The World Affairs Council of Atlanta’s Founders Day celebration Aug. 19 featured a speech by its new chairman, David Abney, the chief operating officer of United Parcel Services Inc., who was counseled not to use visual aids and to deliver substance.

Declining to comply completely, Mr. Abney invited the founders of Alpharetta-based Cellairis Franchise Inc. to join him at UPS headquarters in Sandy Springs as his visual aids for his tribute to the global economy. Cellairis is the world’s largest franchiser of wireless accessories including phone cases, screen protectors and arm bands.

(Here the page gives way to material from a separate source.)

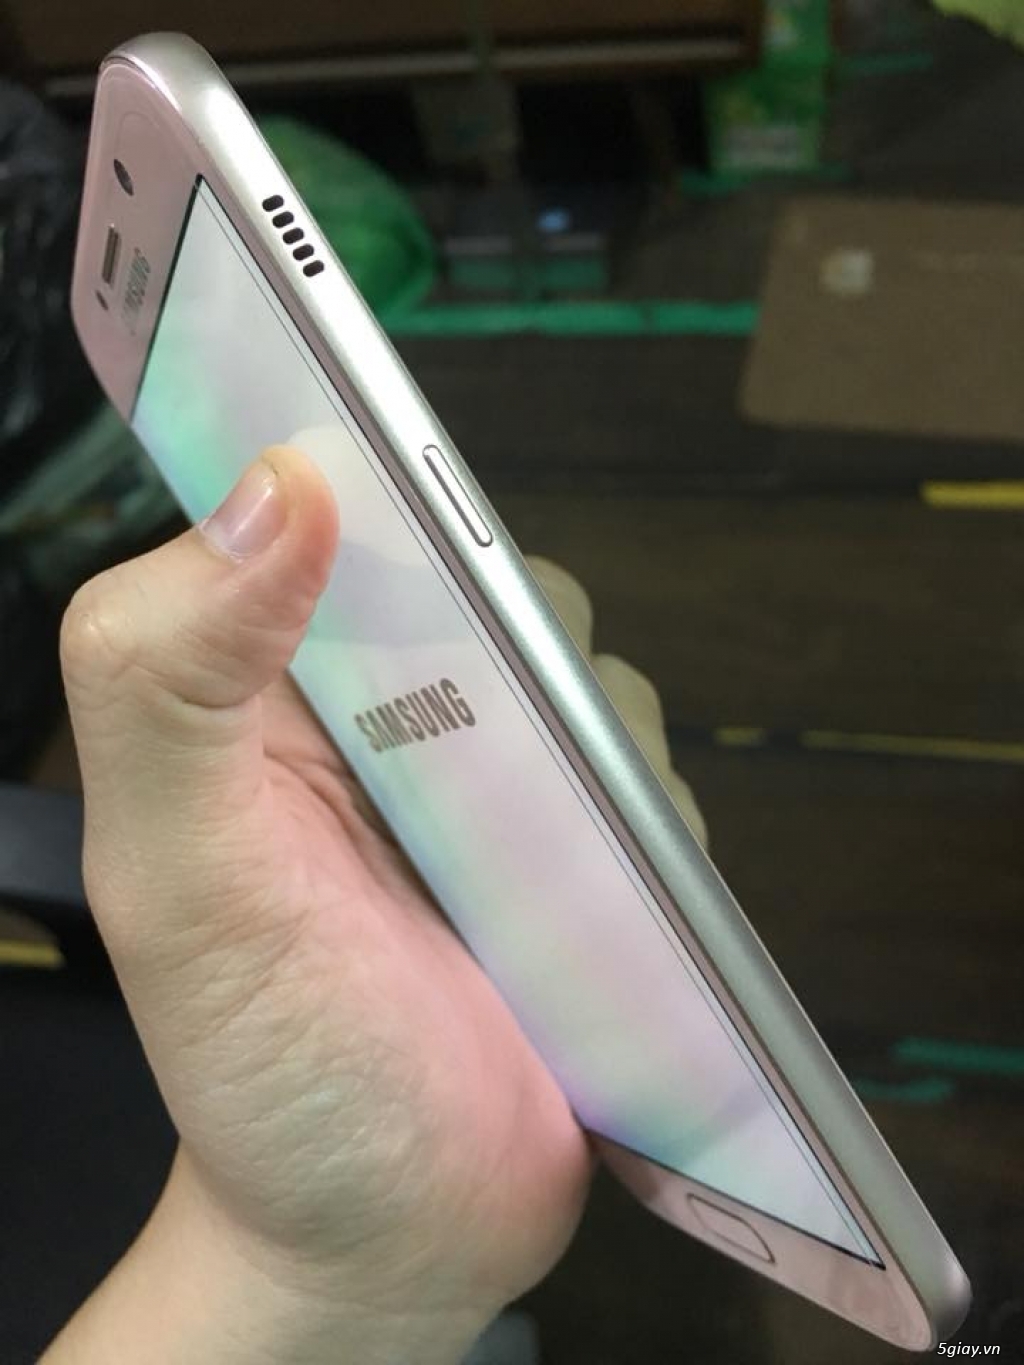 Samsung a5 2017 rose máy đẹp còn bảo hành - 2

The firm’s three founders – Taki Skouras and the twins Jaime and Joseph Brown  — entered into business when they were undergraduates at the University of Florida, starting with a nightclub promotions firm. They launched Cellairis in a friends’ garage and started selling at the Perimeter Mall.

Thirteen years later, they now sell their products throughout the Americas and Europe.

“Cellairis develops products in Georgia…manufactures them in Asia…imports them back to our state by air freight…warehouses them in its distribution center in Alpharetta…and then ships them by ground and air to franchisees,” Mr. Abney said while introducing the entrepreneurs and acknowledging that all of the back-and-forth was good for UPS business.

But even such a rapidly growing firm with highly desirable products in global markets faces problems, he added.  “Cellairis – like so many other companies – faces obstacles to global trade and, therefore, its growth,” he told the 200 council members attending the evening reception.

Aware that he was “preaching to the choir” of the World Affairs Council that in only its fourth year has grown to include more than 1,000 members, Mr. Abney went on to dissect the impediments to free trade including tariffs, custom fees and the tariff codes, customs regulations and documentation requirements “that add time and confusion to the process.”

He also underscored his concerns about the impact of these impediments on trade generally.

“The notion that one nation’s success at exporting is another’s failure is no longer true,” he said, defending the importance of imports as well as exports to the health of a country’s economy.

Additionally, he said, that trade often, if not always, helps generate peace among trading partners and alleviates poverty. Having grown up in the Mississippi Delta where he began his career at UPS as a delivery truck driver, he said that he returns home and holds a town meeting every year where he defends his vision of free trade as a means of reducing poverty.

“Lifting the trade barriers that prevent a peasant artist or craftsman in India, China, or Mexico from selling their wares around the world is the best move we can make to end global poverty in our lifetime,” he said.

The company also is active in humanitarian efforts, he said, whenever disaster strikes, not only on behalf of its 400,000 employees posted around the world, but the communities in which they work as well.

And he voiced his support for the Trans-Atlanta Trade and Investment Partnership that is to be negotiated between the European Union and the U.S. and the Trans-Pacific Partnership being negotiated among the U.S., Australia, Brunei, Canada, Chile, Malaysia, Mexico, New Zealand, Peru, Singapore, Vietnam and Japan.

Without going into great detail in response to a question he encouraged companies to abandon security regulations affecting low-risk goods while concentrating on higher risk merchandise by relying on new technologies that can differentiate between the two.